Sum Divergent Series, III

by mnoonan

One excellent reason to believe that these Cauchy-divergent sums can be assigned reasonable values comes from the fact that equations like

$1 + 1 + 2 + 5 + 14 + 42 + \dots = e^{-\pi i/3}$

and

$1 + 2 + 4 + 9 + 21 + 51 + \dots = 1 + 2 + 6 + 22 + 90 + \dots = -i$

have real, finite combinatorial consequences. These are the sums of the Catalan numbers, Motzkin numbers, and Schroder numbers, respectively. By taking these divergent sums seriously, we are led to new results. As a matter of fact, a new combinatorial theorem came out of the comments in the last post, thanks to Isabel (of God Plays Dice) noting that the sum of the Motzkin numbers should be $-i$ : there is a bijective algorithm (explicitly constructed) which converts Motzkin trees to 5-tuples of Motzkin trees.

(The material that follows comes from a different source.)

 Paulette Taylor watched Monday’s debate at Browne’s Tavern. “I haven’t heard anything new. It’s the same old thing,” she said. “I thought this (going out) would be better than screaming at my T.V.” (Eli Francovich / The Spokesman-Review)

Today I would like to pose the question “How do we know that our divergent sums are meaningful in situations where we can’t immediately find a finite consequence?” And, of course, finally get to the promised puzzle.

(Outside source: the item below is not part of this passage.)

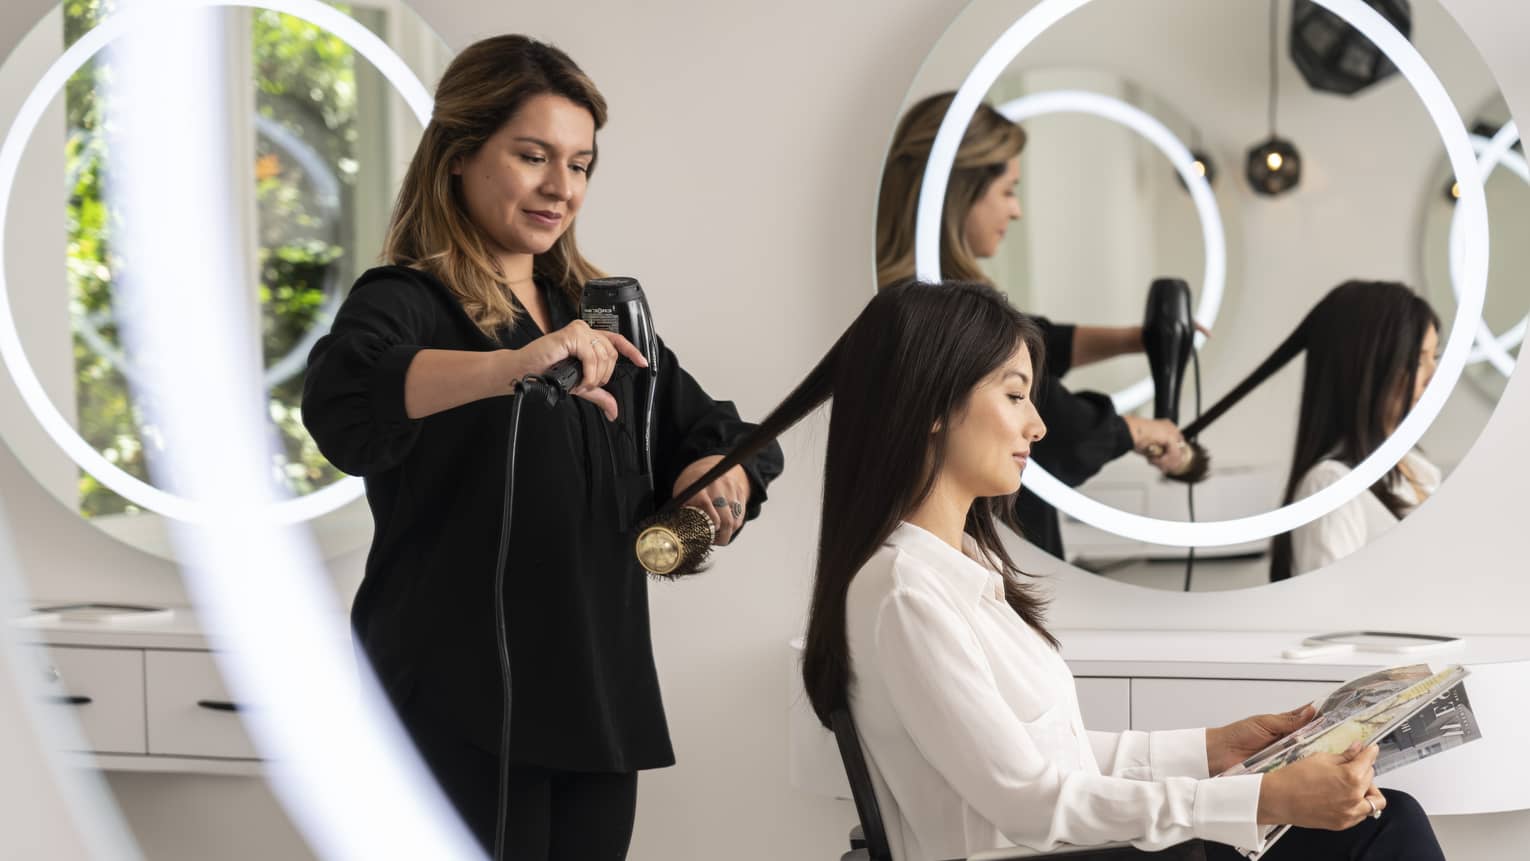 A stylist blow drying a woman's hair while she sits at a salon.

By being particularly uncritical about what universe our calculations were living in, we showed last time that the formula $1 + x + x^2 + \dots = \frac{1}{1 - x}$ quite indirectly implies that

$1 + 2 + 3 + 4 + \dots = -1/12$

But unlike the case of tree-counting, where the divergent sums lead us to very hands-on combinatorial truths, it is unclear how much faith we should have in this sum. I’ve heard that this sum comes up (and really is -1/12) when computing vacuum expectation values in quantum field theories, but I don’t really know enough to say anything reasonable about this. Hopefully some kind commenter will fill in the blanks. While a physical manifestation of this divergent sum is about the best thing we could hope for, we can also look for other abstract manifestations and see if the value -1/12 is consistent between them.

Remember that when we tried to compute the sum $1 + 2 + 3 + 4 + 5 + \dots$ directly using analytic regularization, there was a problem:

$1 + 2z + 3z^2 + 4z^3 + \dots = \frac{d}{dz}\frac{1}{1 - z} = \frac{1}{(1 - z)^2}$

which is singular at $z = 1$ and therefore fails to give a finite value to this sum. In order to compute the value $-1/12$ we had to start from $\sum (-1)^k = 1/2$ and $\sum 2^k = -1$ (both proved by analytic regularization) and then carry out some rather questionable algebraic manipulations to get the final result. Why should we have faith in the answer we computed?

If we believe in a Platonic realm of divergent series, we could think of our value $-1/12$ as an experimental prediction: if we find another way to compute divergent sums which assigns a value to $1 + 2 + 3 + 4 + \dots$ , that value will be $-1/12$ . This is probably not going to actually be true, but if we had another regularization scheme which did give us $\sum k = -1/12$ , we might be more inclined to believe that the sum has some meaningful finite interpretation just like the combinatorial sums from before.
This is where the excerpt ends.